= What to do =
What you give back from the listing below should be an exact copy of the lines from the one with "НеПростоРозовый: Елена Крыгина" down to the one with "Balkony w bloku mieszkalnym", and it should contain no pictures.

= Data =
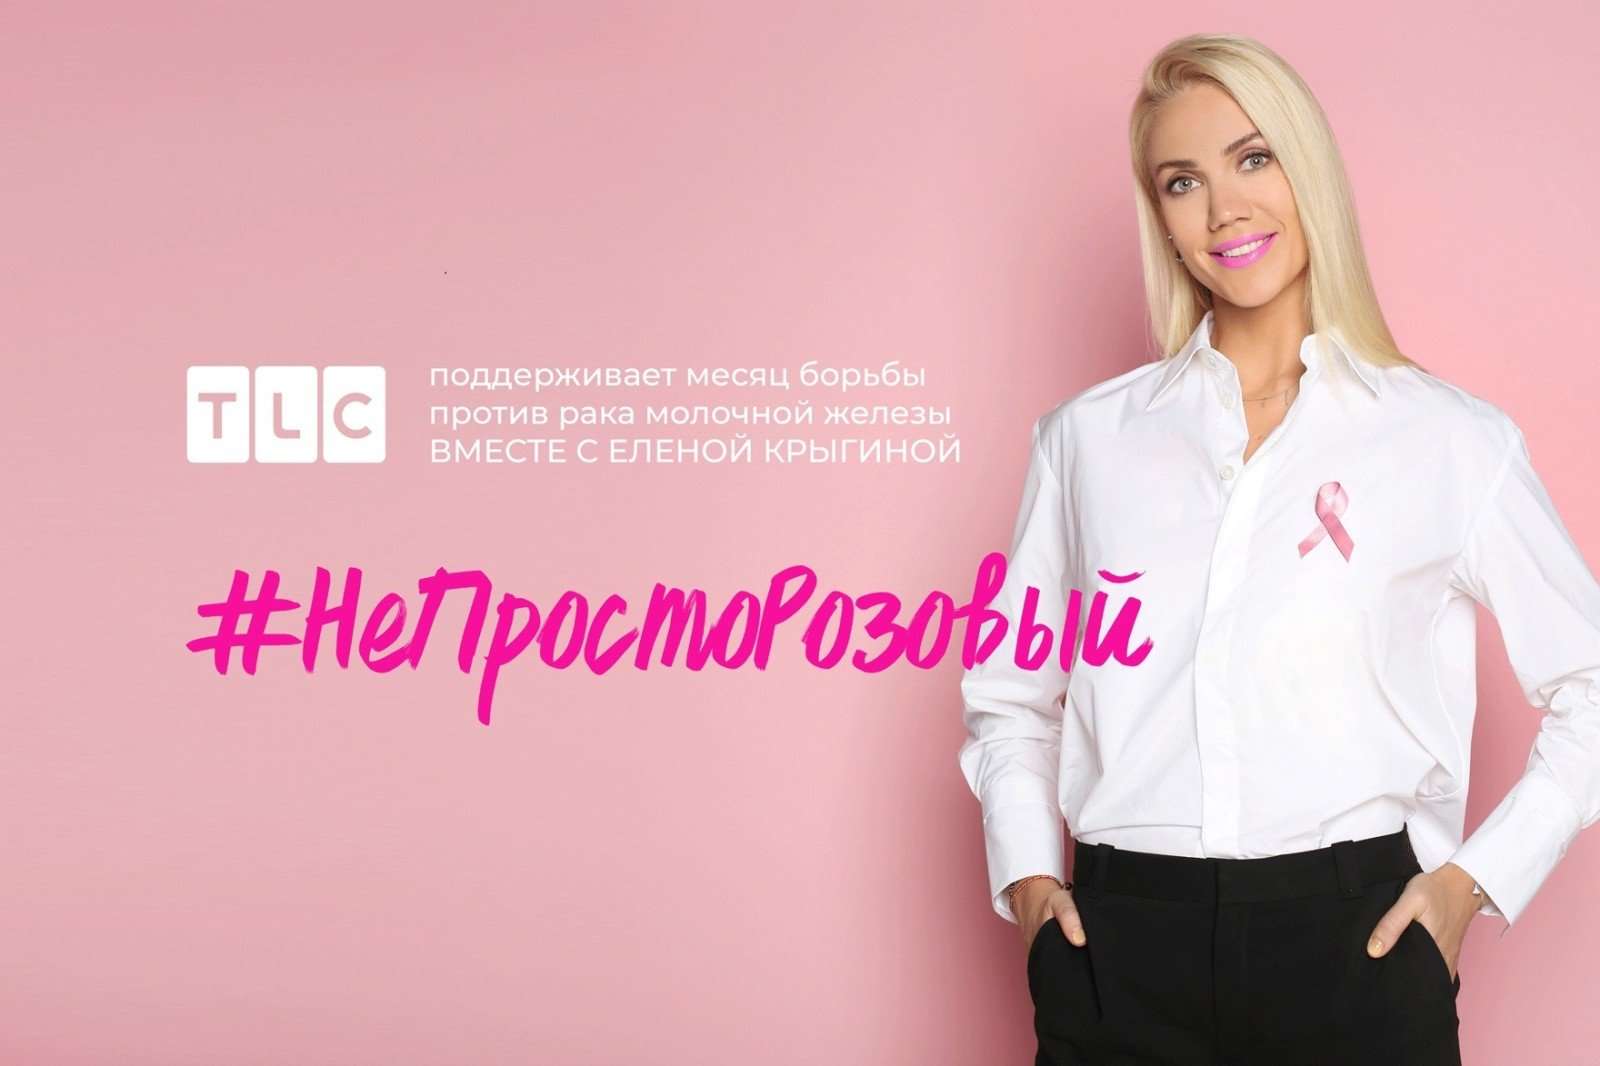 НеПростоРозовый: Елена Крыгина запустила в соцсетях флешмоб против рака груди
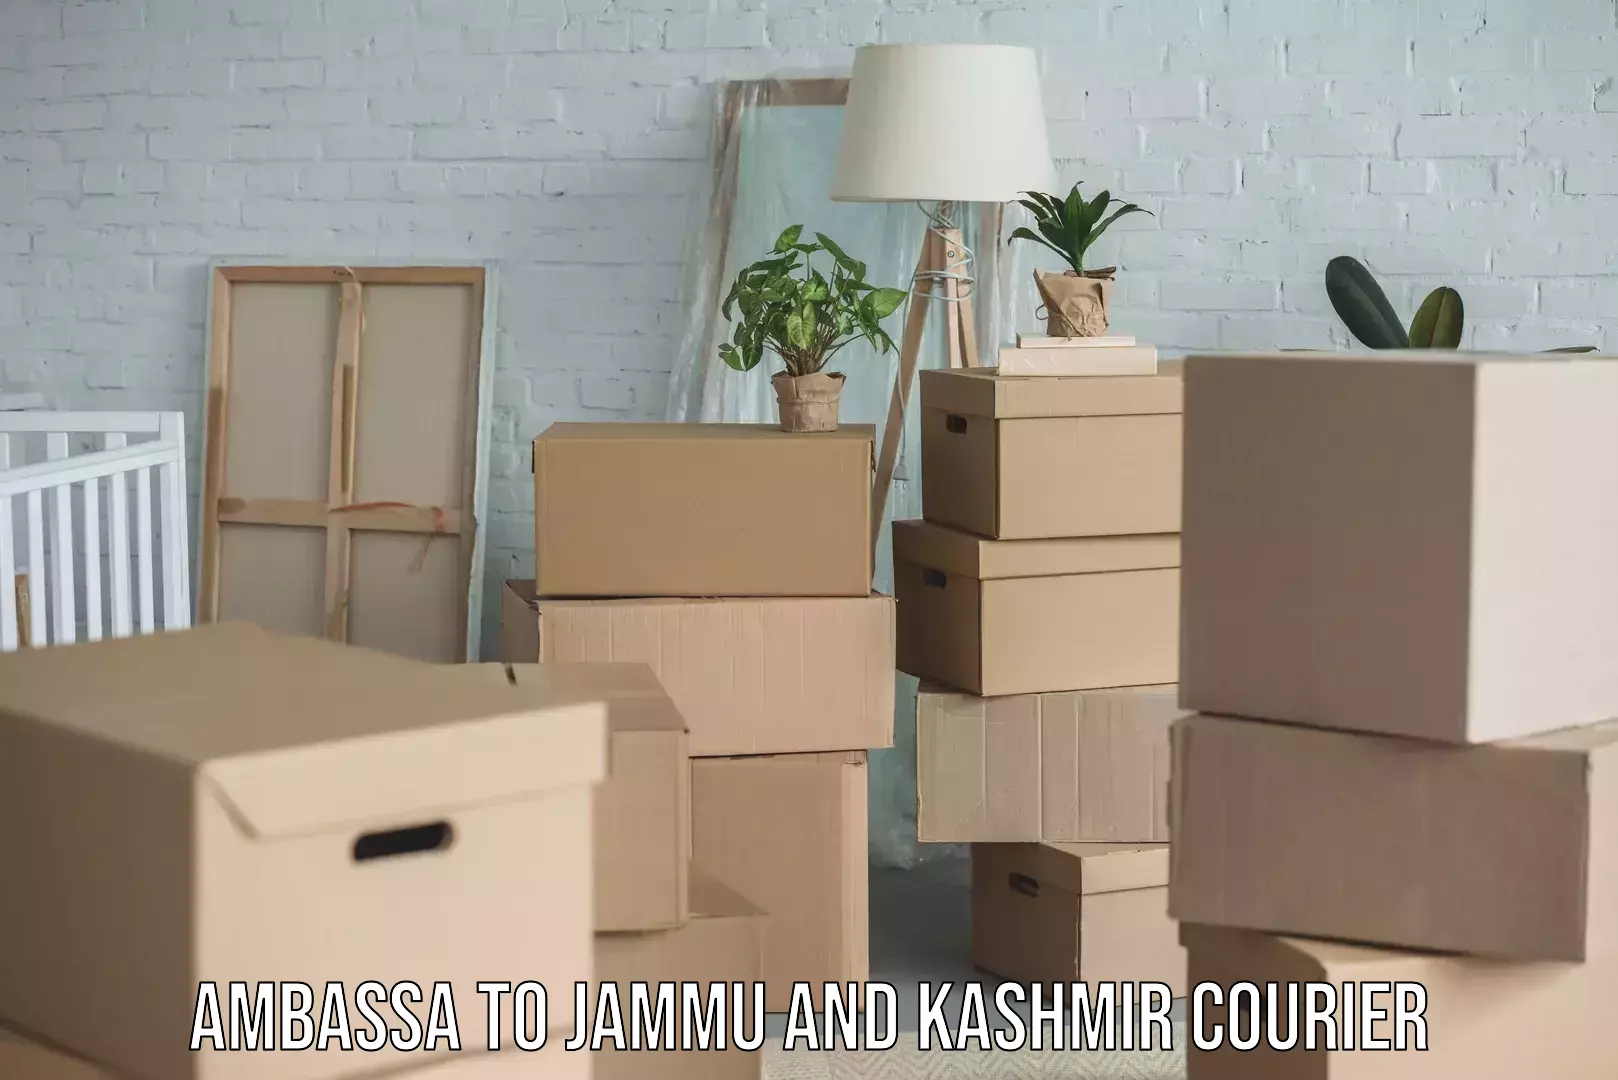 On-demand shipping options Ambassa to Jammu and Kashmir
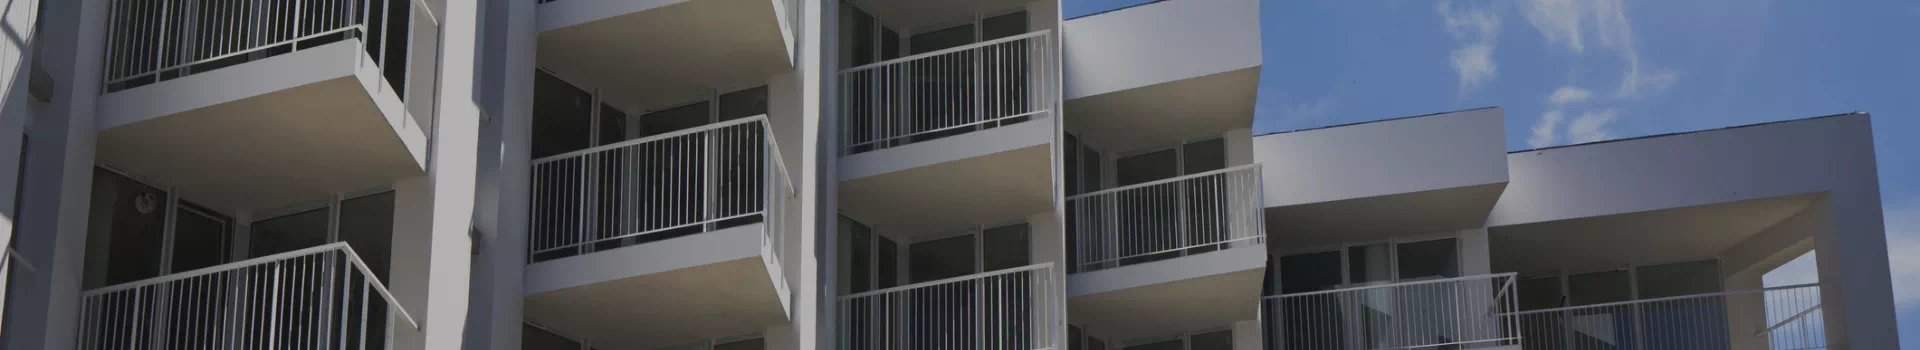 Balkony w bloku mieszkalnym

==

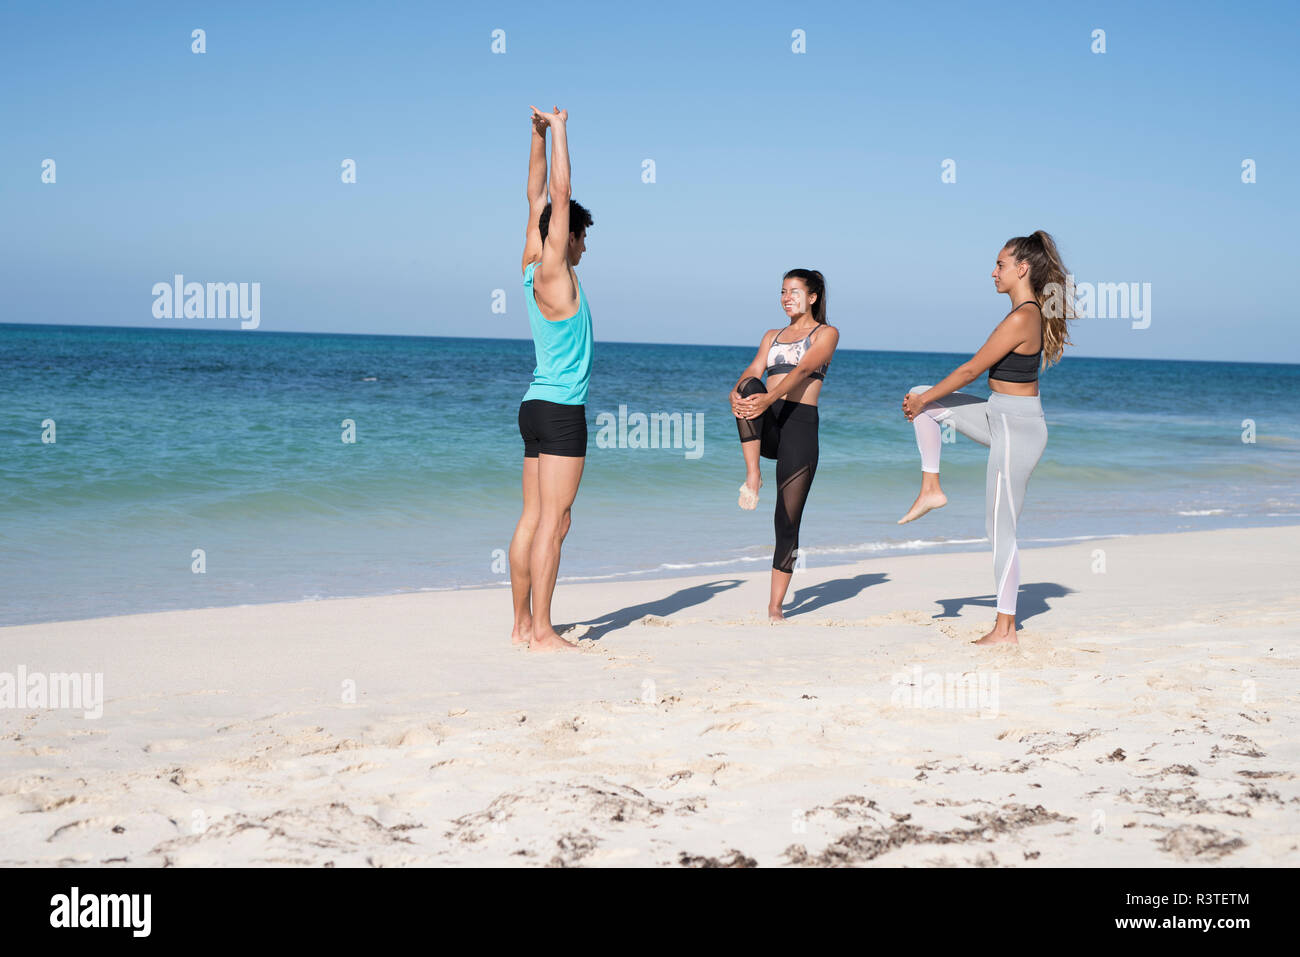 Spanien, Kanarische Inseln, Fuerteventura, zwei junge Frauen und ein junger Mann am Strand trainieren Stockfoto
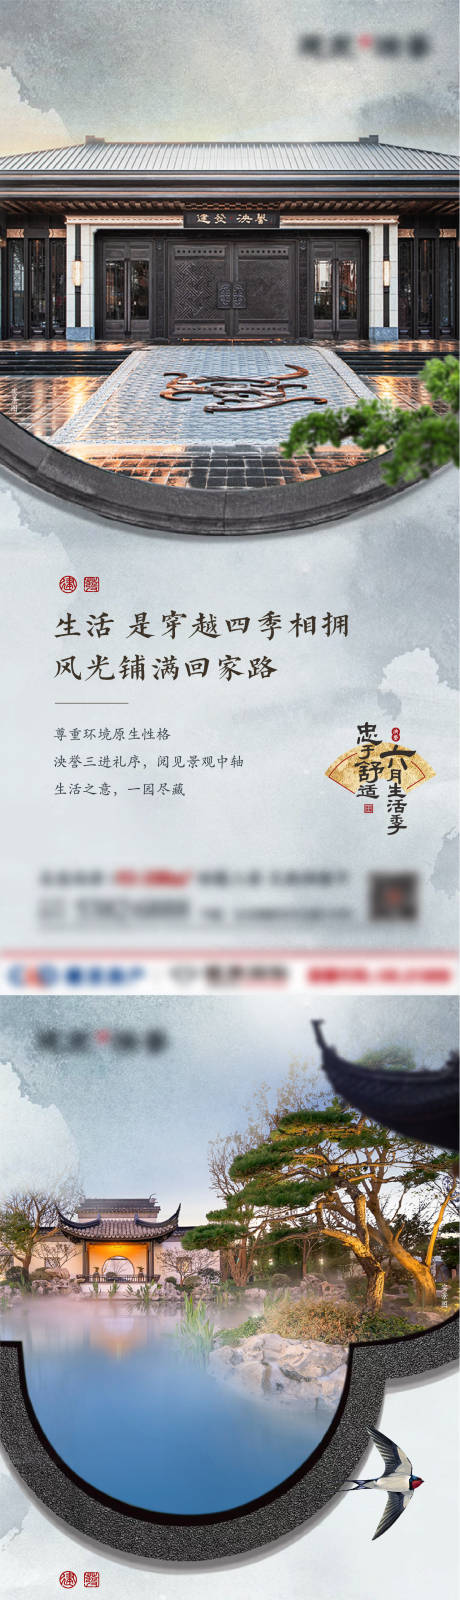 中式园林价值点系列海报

= Solution to this exercise =
 НеПростоРозовый: Елена Крыгина запустила в соцсетях флешмоб против рака груди
 On-demand shipping options Ambassa to Jammu and Kashmir
 Balkony w bloku mieszkalnym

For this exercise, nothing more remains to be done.